- Exercise
Transcribe, exactly and without pictures, the lines below from the line with "transkrypcja-rosyjski-poziom-podstawowy-matura-2015-2" to the line with "Divine light shining through clouds", both ends included, and no others.

- Listed records
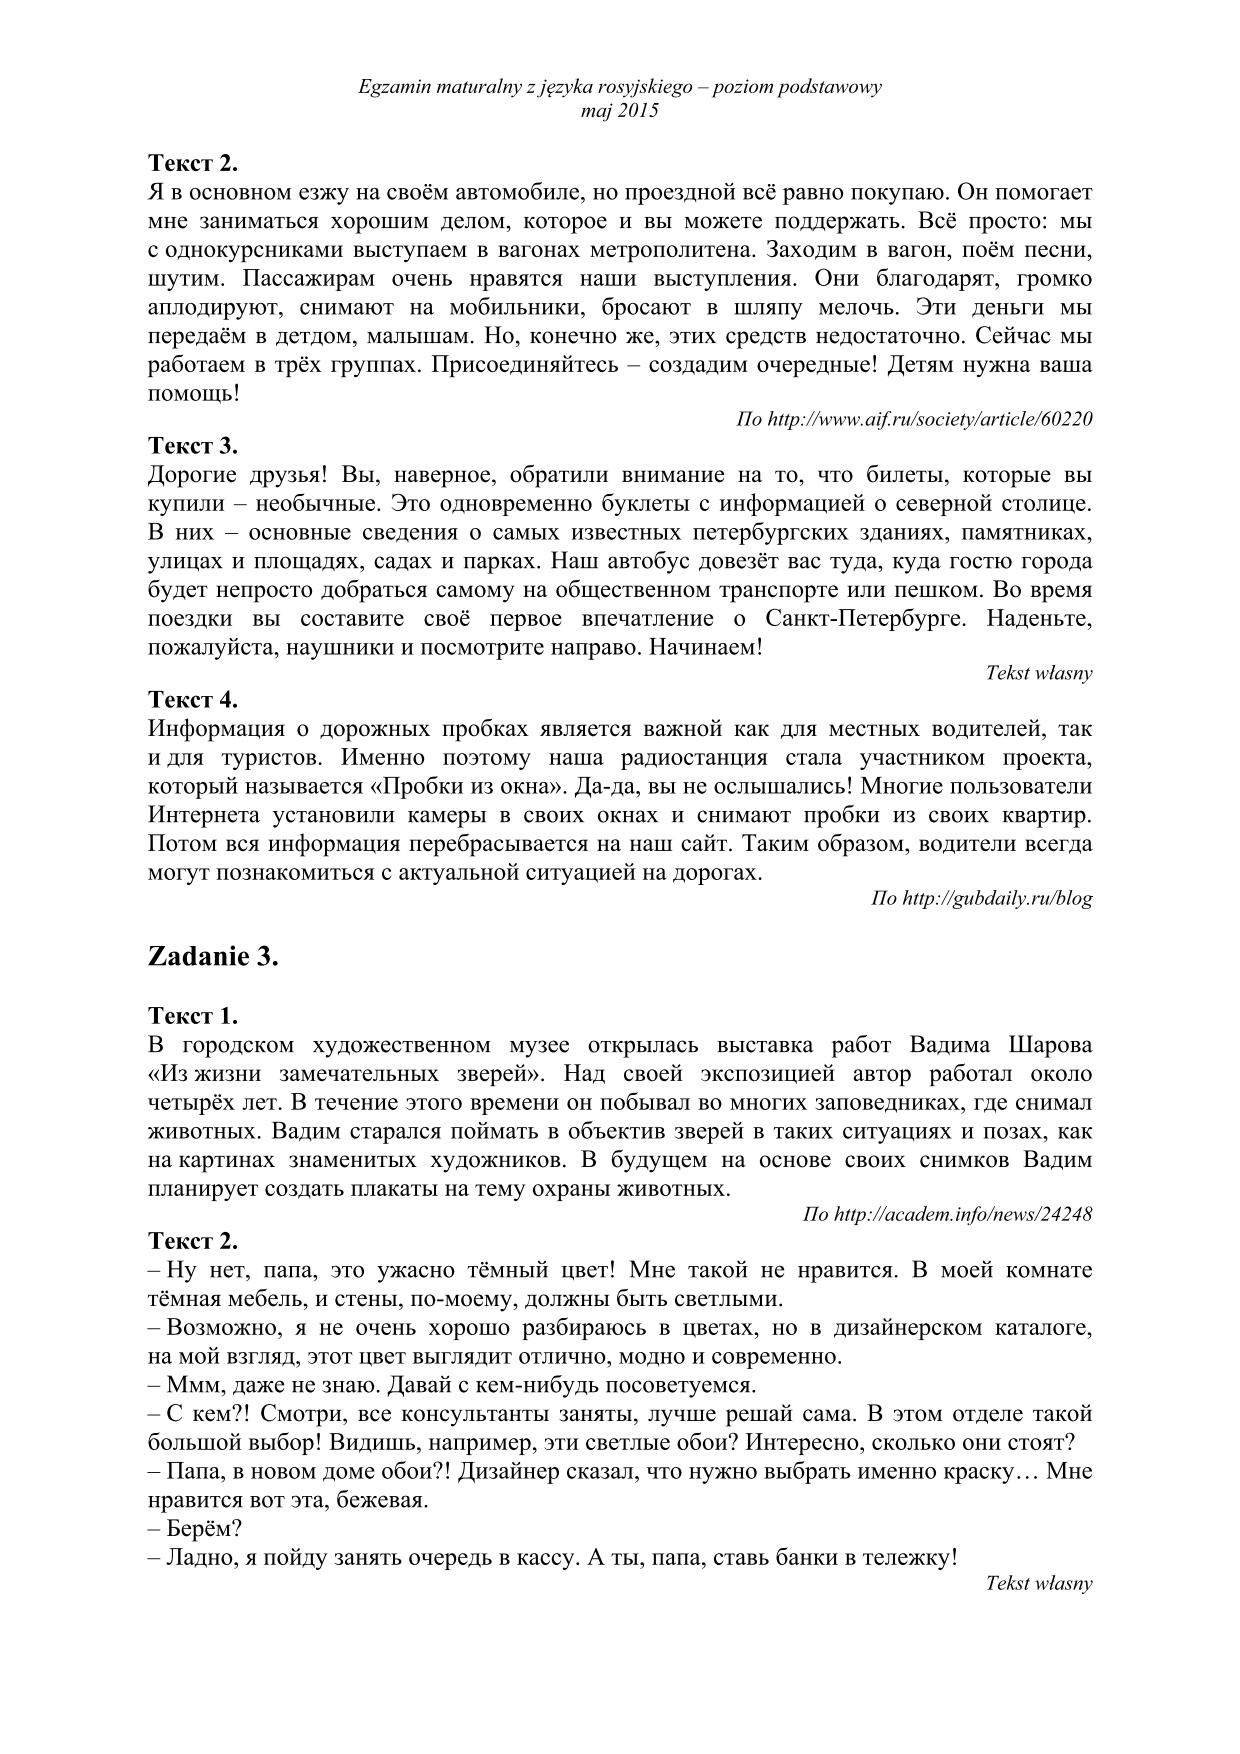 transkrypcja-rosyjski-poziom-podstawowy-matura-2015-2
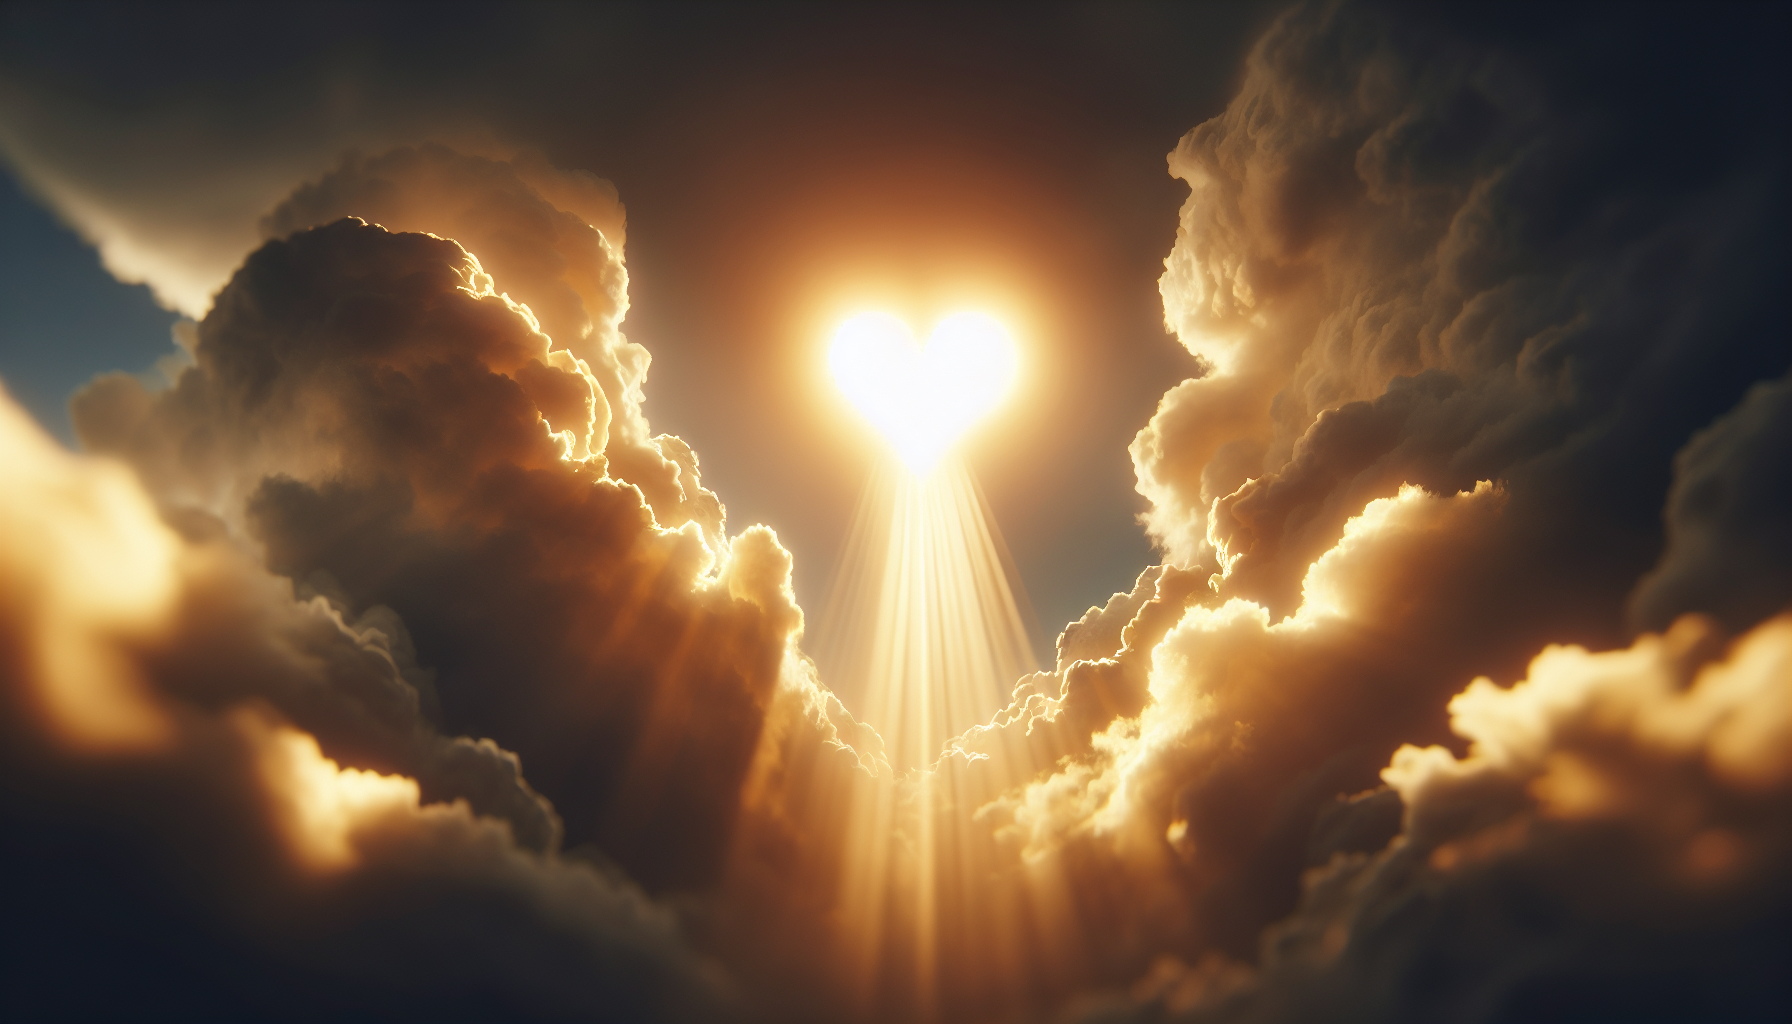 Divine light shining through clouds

* * *

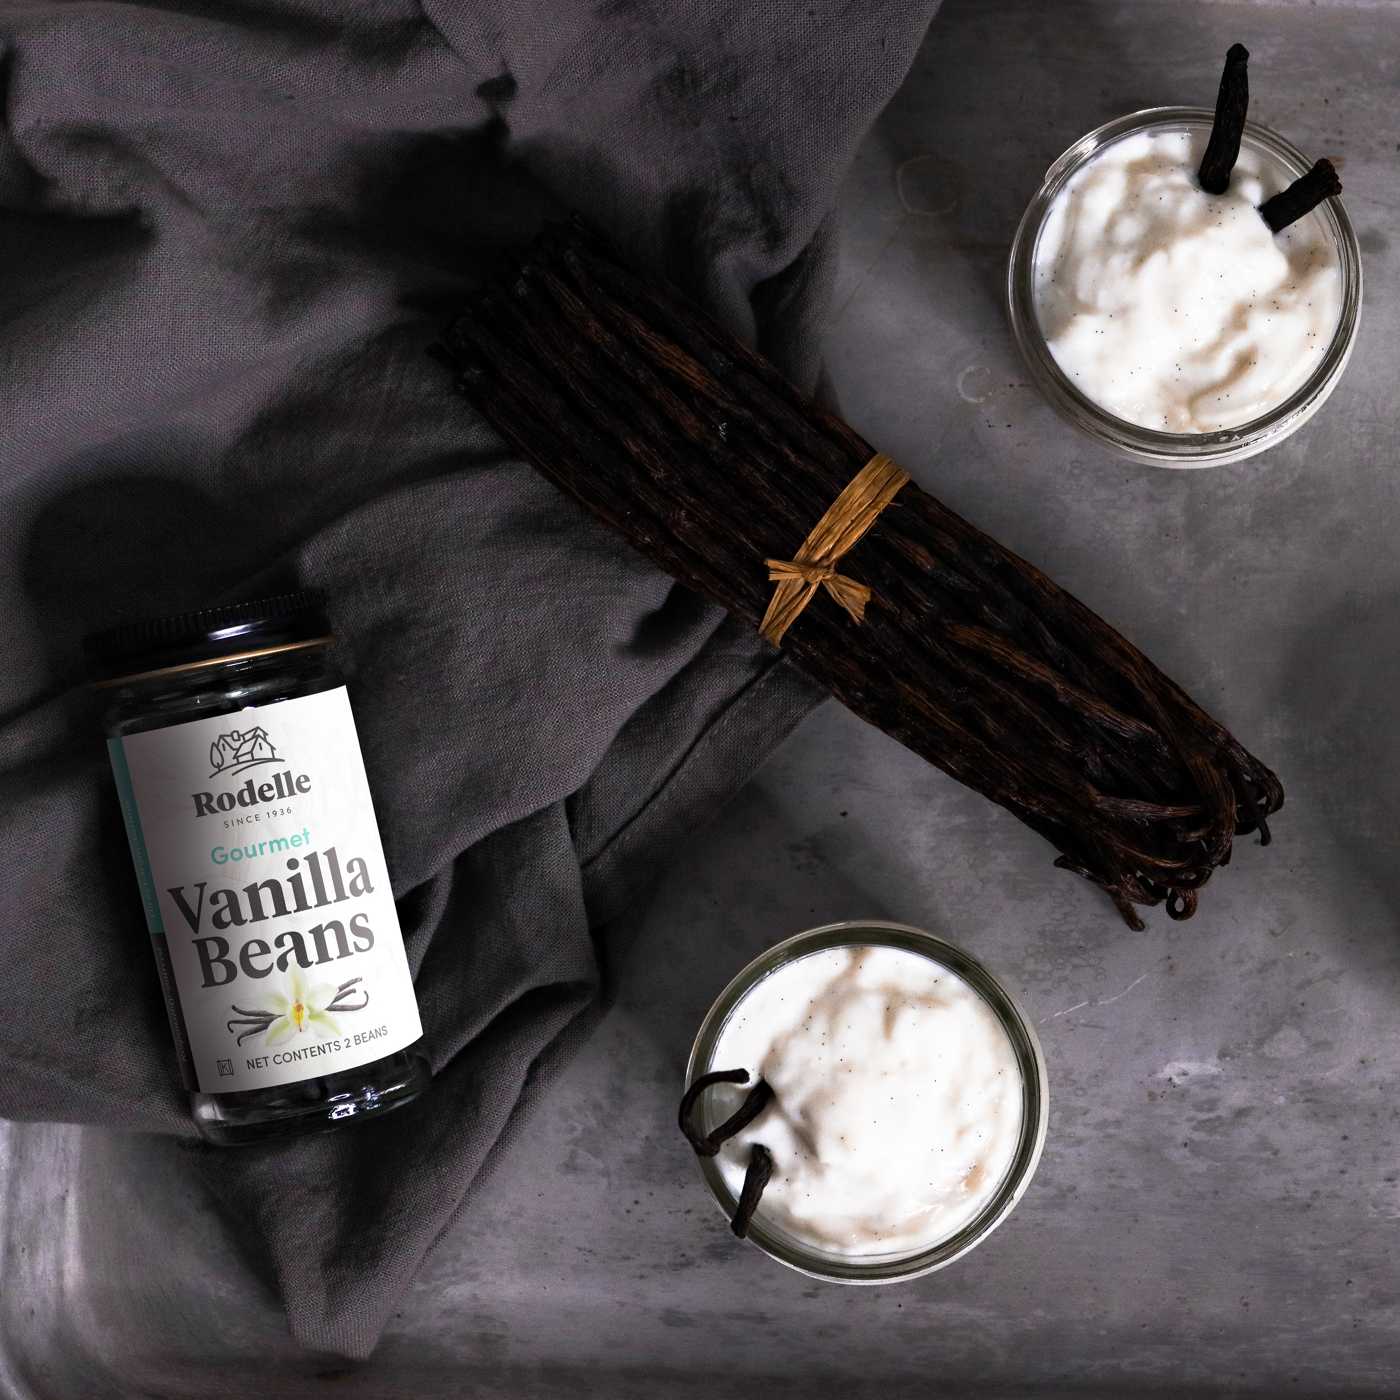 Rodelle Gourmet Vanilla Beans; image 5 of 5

* * *

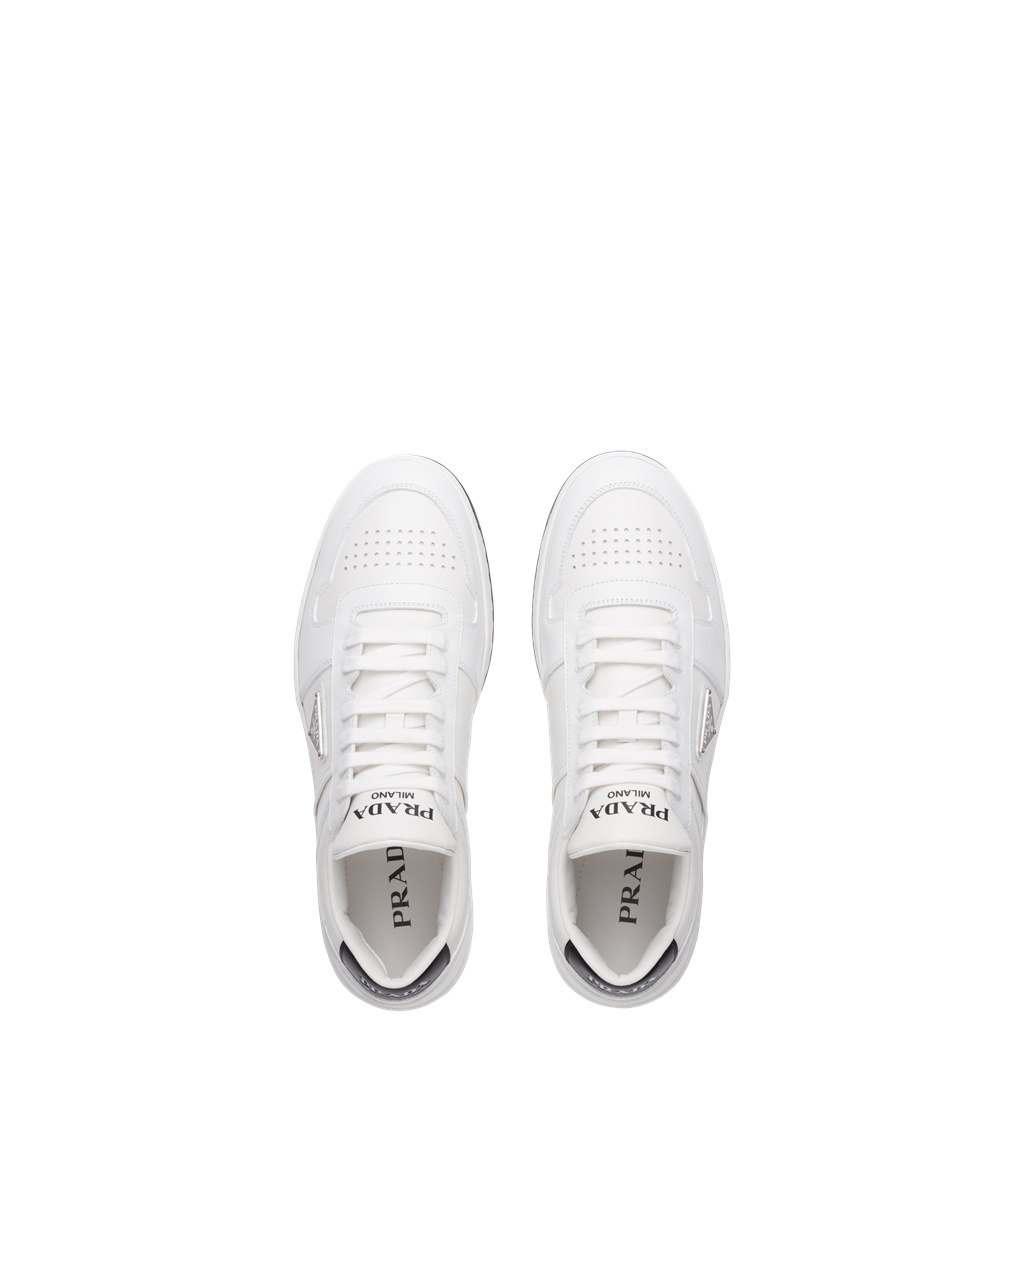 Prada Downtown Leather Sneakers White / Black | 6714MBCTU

- Response
 transkrypcja-rosyjski-poziom-podstawowy-matura-2015-2
 Divine light shining through clouds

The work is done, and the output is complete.